Sorry to end the dreams of anyone associated with Saddleworth Rangers, but there has not been a miraculous run to the final.
However, two of their products will step out on the hallowed turf of Wembley on Saturday, October 17 when Salford Red Devils face Leeds Rhinos.
For Mark Flanagan and James Greenwood will be going all out to complete a fairytale triumph of their own.
And on the opposite side will be Saddleworth-based Kevin Sinfield, whose off-field role is helping turn the Rhinos around.
The director of rugby lifted the trophy twice during an illustrious playing career, even winning the Lance Todd Trophy for man of the match in 2005.
While the 40-year-old will not be taking the hits, his impact at the club where he is an on-field legend cannot be understated.
It also means a fine way to finish Flanagan’s playing career, which started back at Shaw Hall Bank Road.
The Salford back-rower has decided to hang up his boots at the end of the season at the age of 32.
And he recalled how heading to watch Bradford take on St Helens with father Terry, who Saddleworth Rangers’ clubhouse is named after, sparked his dreams.
He said: “I remember my dad taking me to watch the Bradford-Saints Wembley final when Steve Prescott scored a couple of tries and Robbie Paul got a hat-trick, and that fire was lit inside me that day of playing at Wembley and on the biggest stage.

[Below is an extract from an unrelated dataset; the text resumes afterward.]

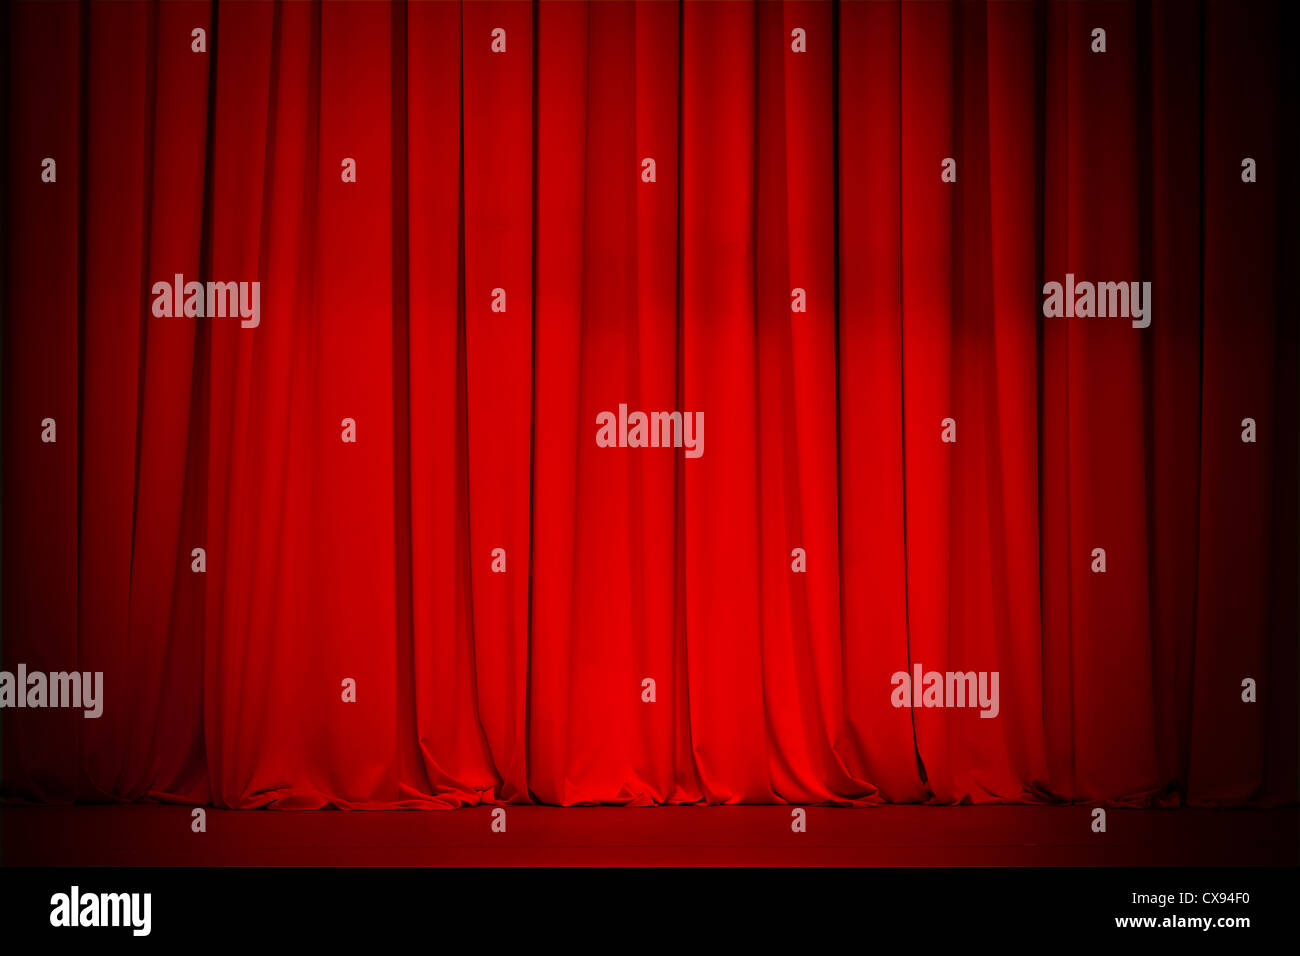 Red curtain background Stock Photo

“I’m not very sentimental in terms of matches, medals and shirts but playing at Wembley with a great group of blokes for a great club would be quite a fitting send-off for myself.

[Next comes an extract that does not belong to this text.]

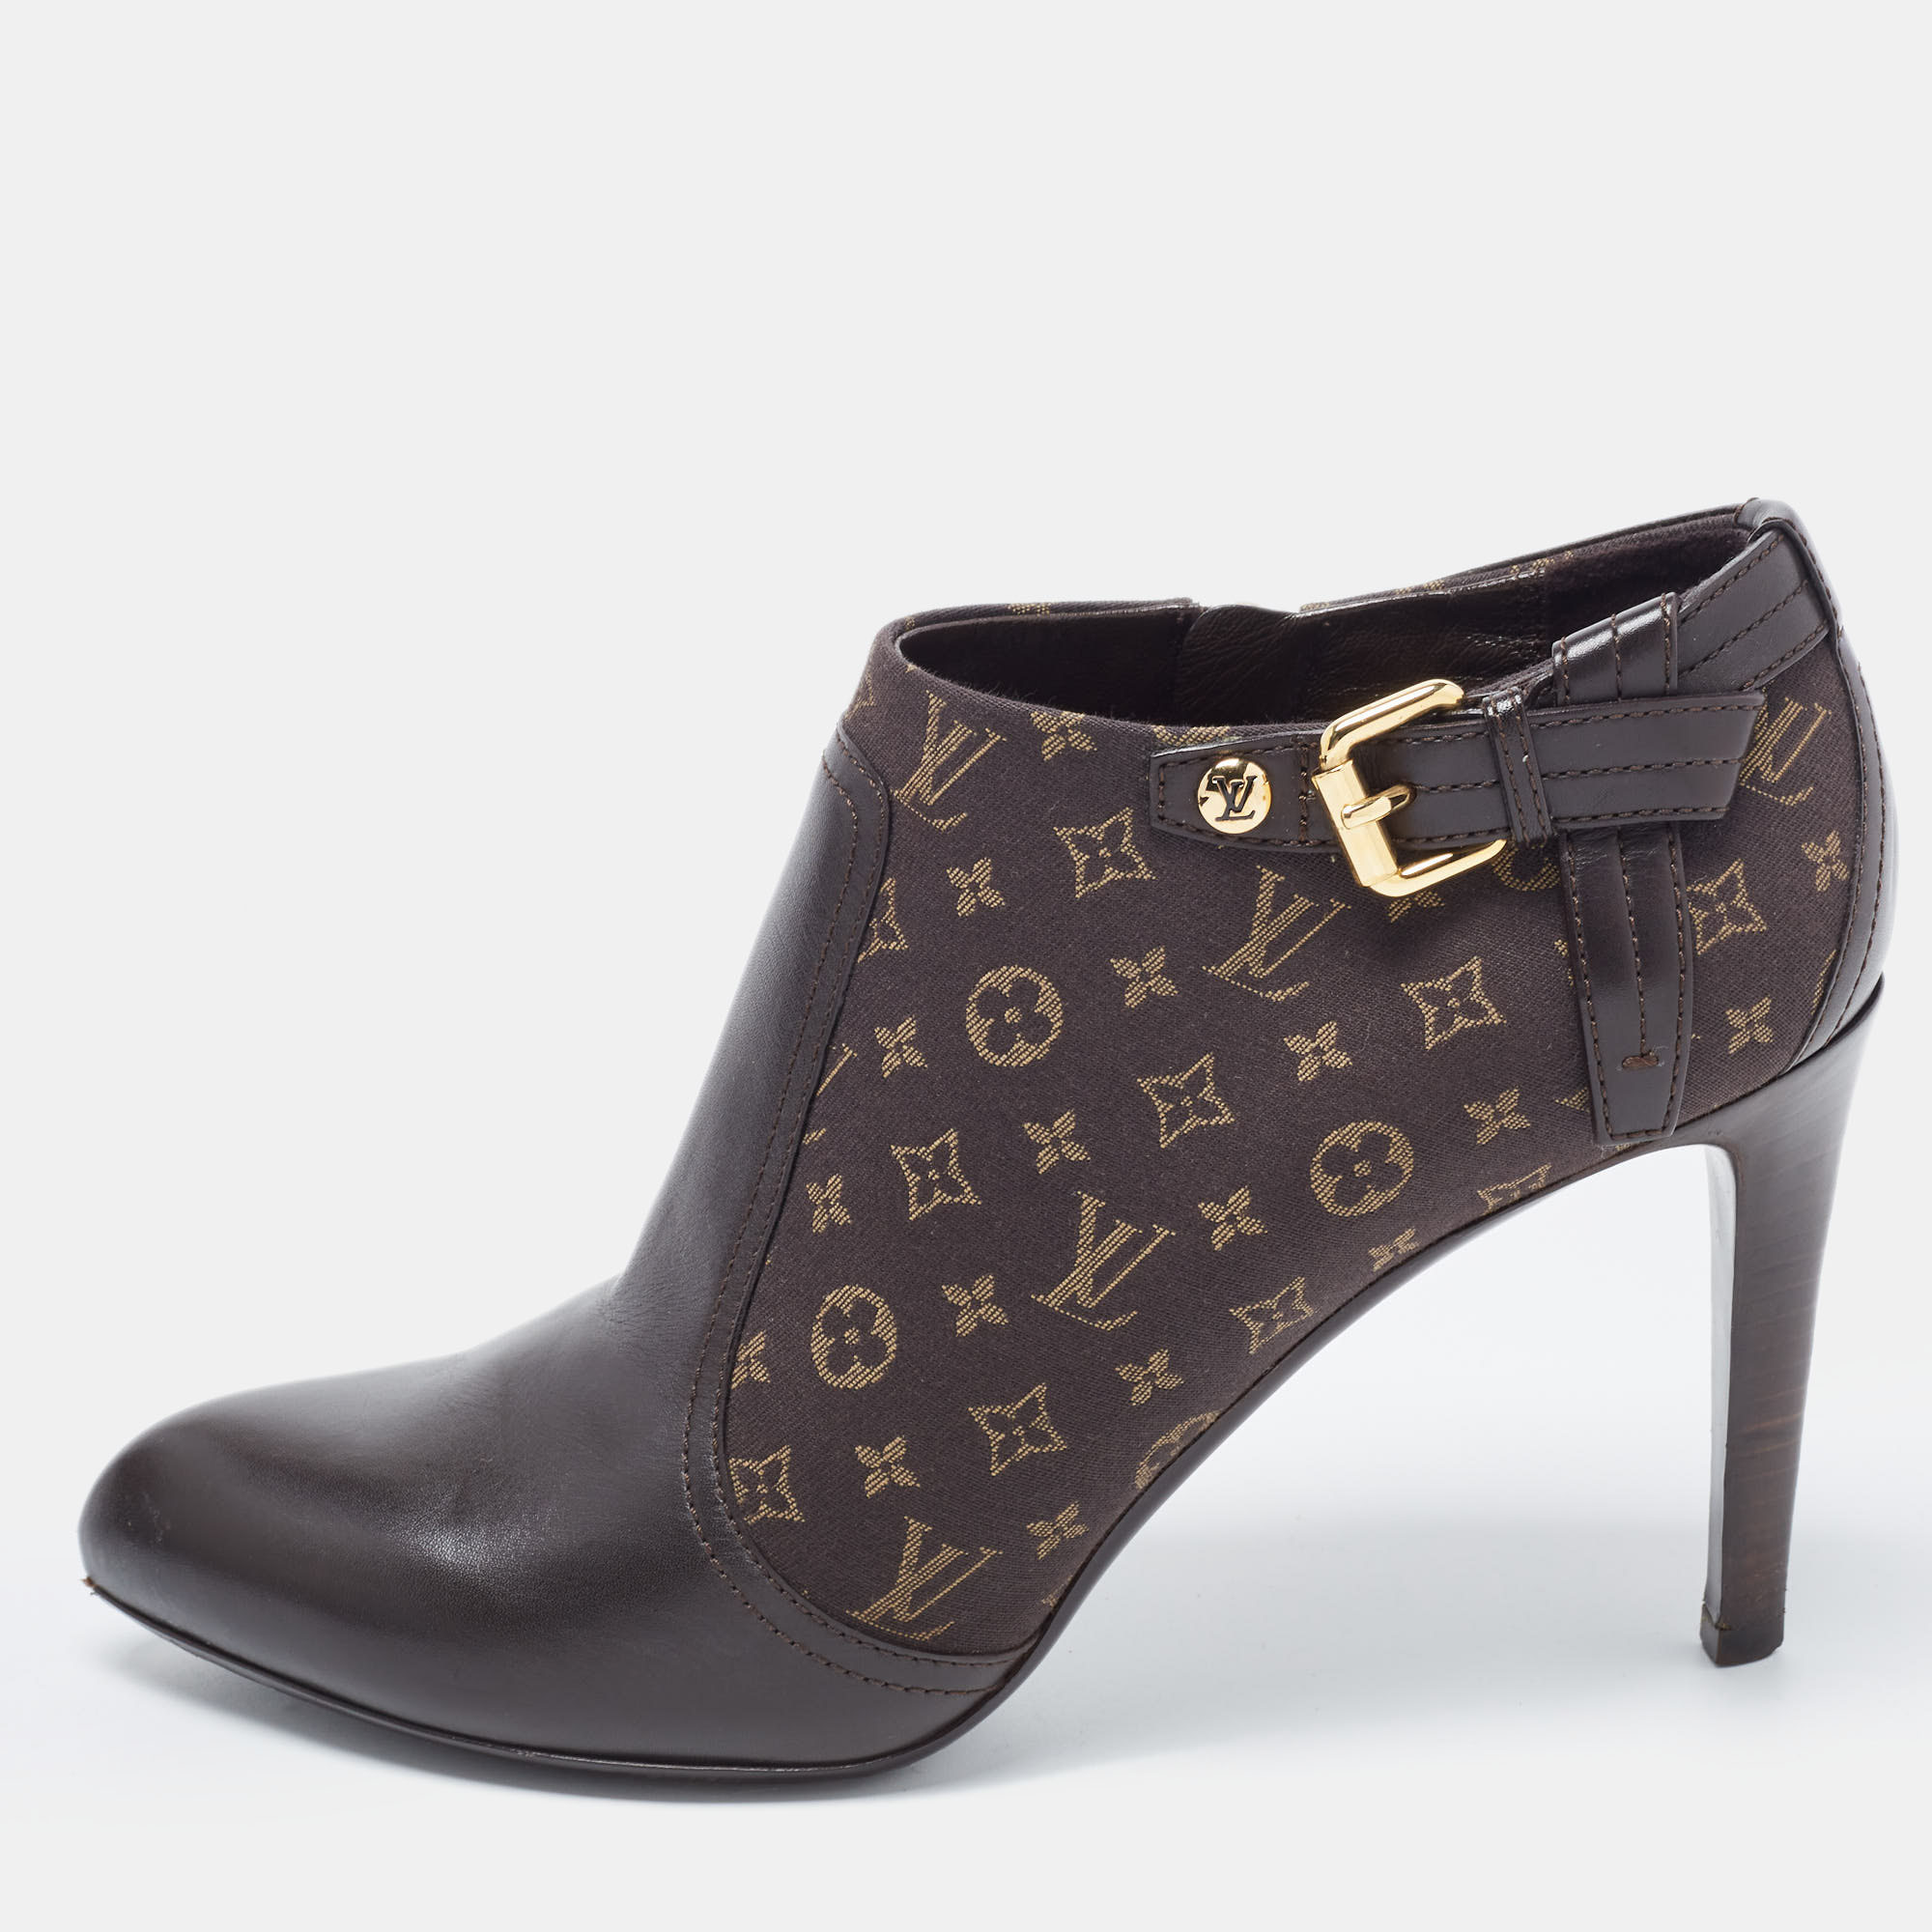 LOUIS VUITTON Monogram Stretch Fabric Silhouette Ankle Boots 39.5

“It’s been a strange old year and there are a lot more important and sobering things happening in the world than for us to whinge about playing in an empty Wembley.
“I’d just be happy to play there and tell the kids and grandkids one day I played at Wembley. It would be a shame if it was only in front of 50 people, but I’d take it.
“I’m really content with what I’ve done in the game and I’ve exceeded all my expectations I had as a kid.
“I’ve far exceeded where I wanted to be, but you play rugby and sport to win things and I’ve always aspired to win both trophies.
“The Challenge Cup holds something a little bit special for me with the tradition around and it would be unbelievable to get there and get the win.
“I’m 32 now and I’ve a few niggling injuries. It’s probably time. It would be great to finish on a high with Salford.”
Flanagan reached Wembley as Salford saw off Warrington Wolves 24-22 in a nail-biting semi-final.
And his coach at Salford, Ian Watson, also admitted stepping out at Wembley would be a fine way for the man known as Flash to round off his career.
“What a way to finish for Mark. To finish playing at Super League level in a Wembley final,” he said.